Radiation Sources
The radiations of primary concern in this
text originate in atomic or nuclear processes. They are conveniently
categorized into four general types as follows:
Charged particulate radiation {Fast
electrons, Heavy charged particles
Uncharged radiation {Electromagnetic
radiation, Neutrons
Fast
electrons include beta particles (positive or negative) emitted in nuclear decay,
as well as energetic electrons produced by any other process. Heavy charged particles denote a
category that encompasses all energetic ions with a mass of one atomic mass unit
or greater, such as alpha particles, protons, fission products, or the products
of many nuclear reactions. The electromagnetic
radiation of interest includes X-rays emitted in the rearrangement of
electron shells of atoms and gamma rays that originate from transitions within
the nucleus itself. Neutrons
generated in various nuclear processes constitute the final major category,
which is often further divided into a slow neutron and fast neutron subcategories.

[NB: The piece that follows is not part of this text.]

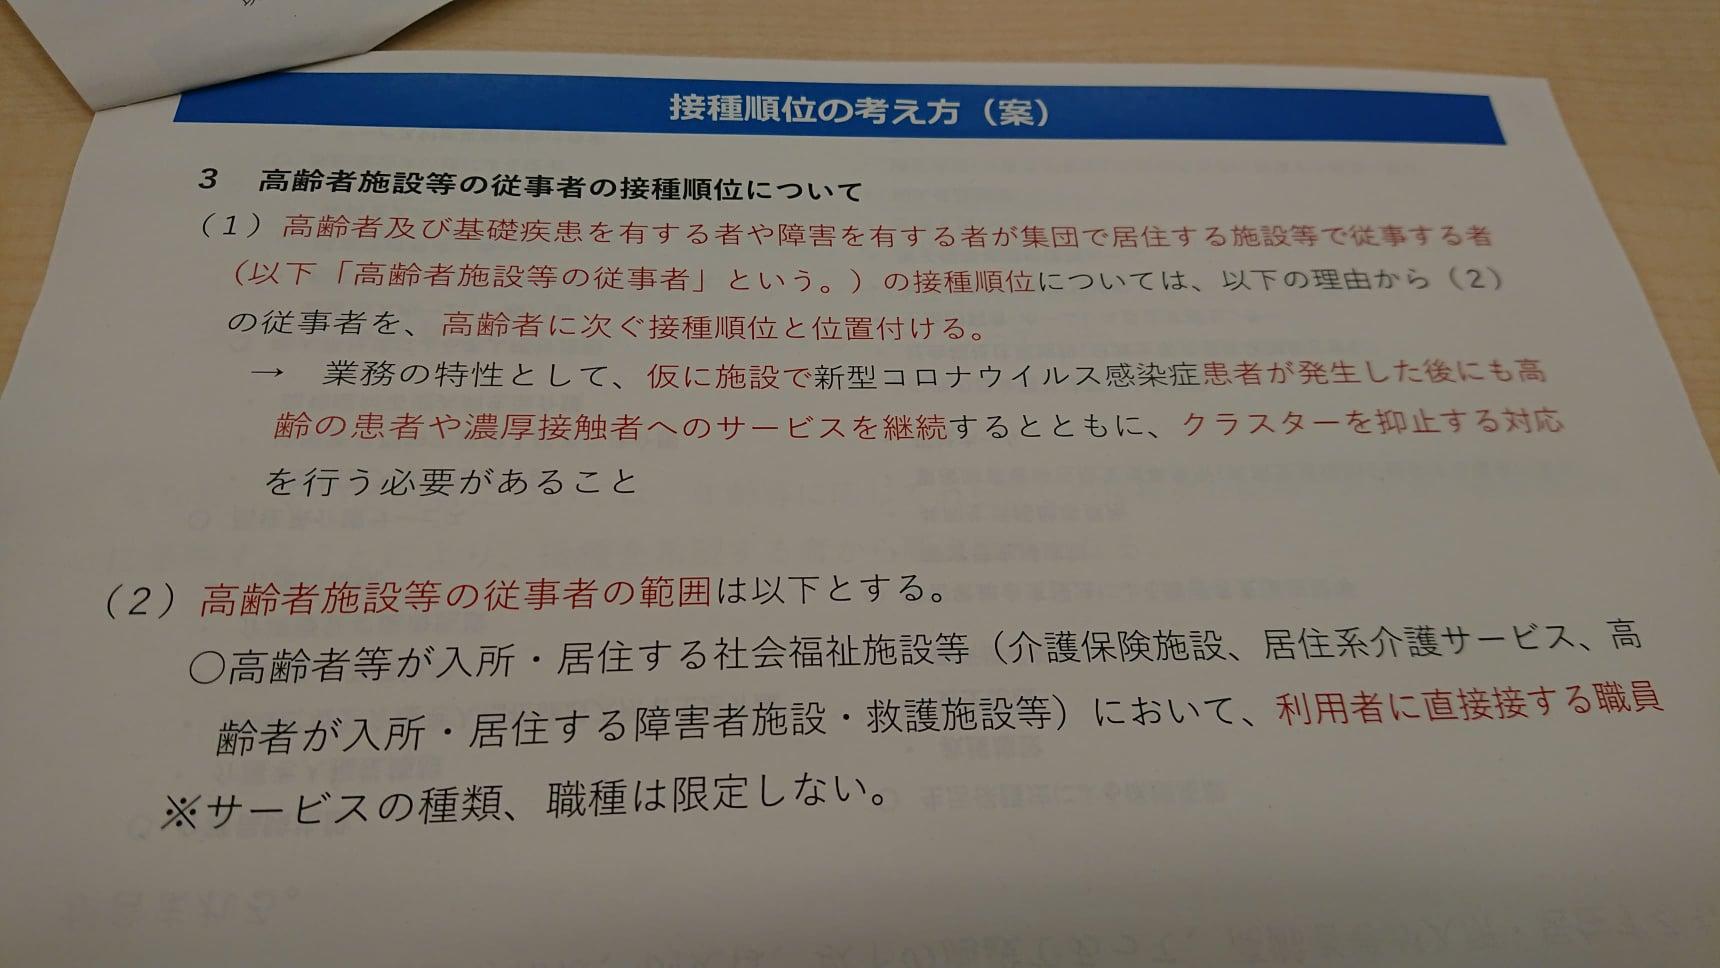 新型コロナウイルスワクチン 接種順位の考え方(案)03

The energy range of interest spans over six
decades, ranging from about 10 eV to 20 MeV. (Slow neutrons are technically an
exception but are included because of their technological importance.) The
lower energy bound is set by the minimum energy required to produce ionization
in typical materials by the radiation or the secondary products of its
interaction. Radiations with energy greater than this minimum are classified as
ionizing radiations. The upper bound is chosen to limit the topics in this
coverage to those of primary concern in nuclear science and technology.

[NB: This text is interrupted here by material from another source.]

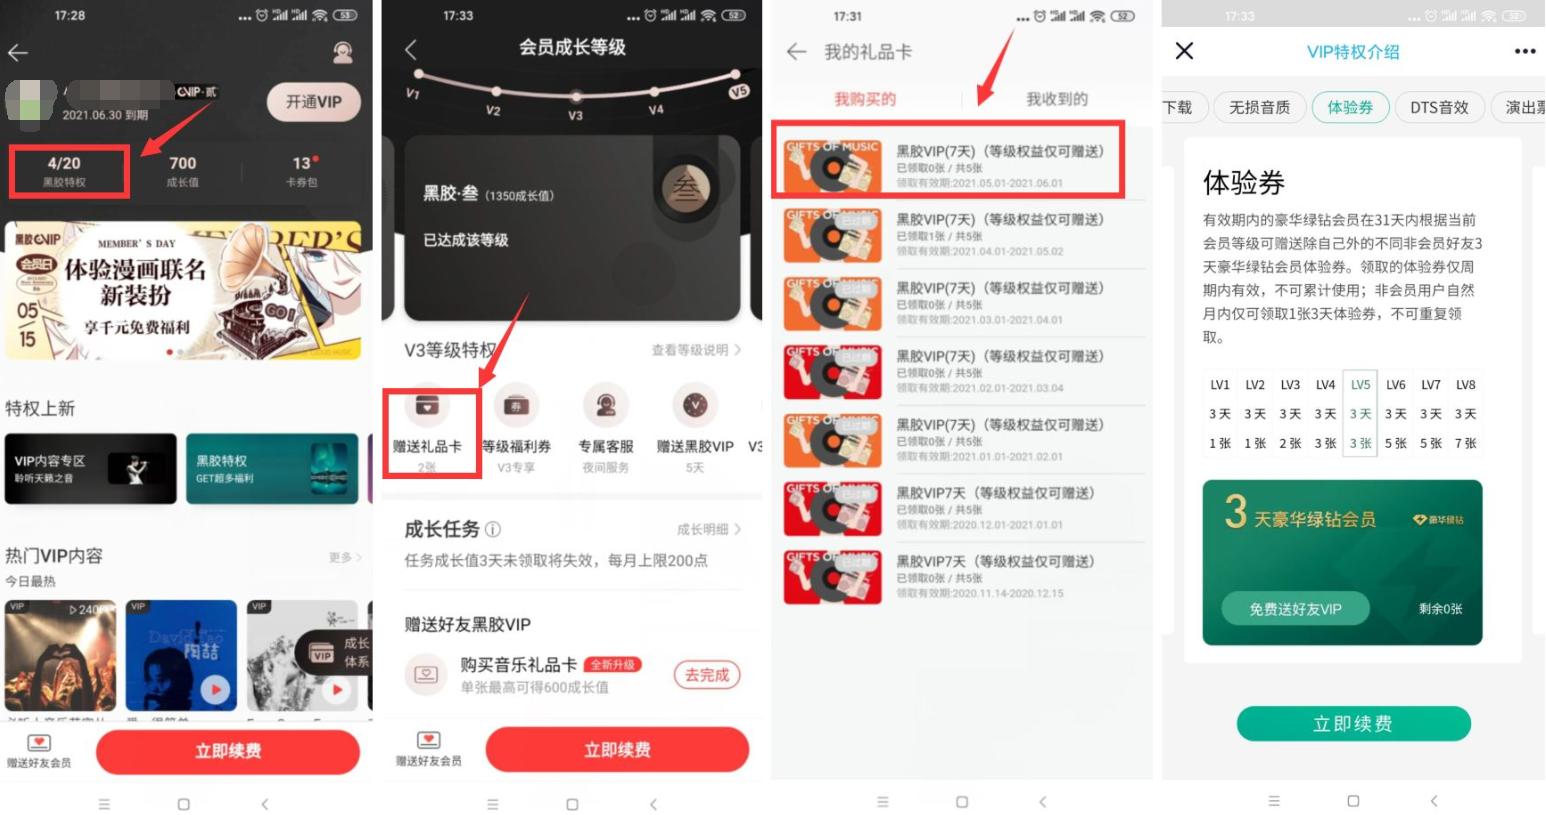 网易云QQ音乐会员免费送会员

The main emphasis in this chapter will be the
laboratory-scale sources of these radiations, which are likely to be of
interest either in the calibration and testing of radiation detectors described
in the following chapters or as objects of the measurements themselves. Natural
background radiation is an essential additional source.
The radiations of interest differ in their
"hardness" or ability to penetrate the thicknesses of material. It is
also of considerable concern to determine the physical form of radiation
sources. Soft radiations, such as alpha particles or low-energy X-rays,
penetrate only small material thicknesses. Radioisotope sources must
therefore be deposited in very thin layers if a large fraction of these
radiations is to escape from the source itself. Sources that are physically
thicker are subject to "self-absorption," which is likely to affect
both the number and the energy spectrum of the radiations that emerge from their
surface. Typical thicknesses for such sources are therefore measured in micrometres.
Beta particles are generally more penetrating, and sources up to a few tenths
of a millimetre in thickness can usually be tolerated. Harder radiations, such
as gamma rays or neutrons, are much less affected by self-absorption, and
sources can be millimetres or centimetres in dimension without seriously
affecting the radiation properties.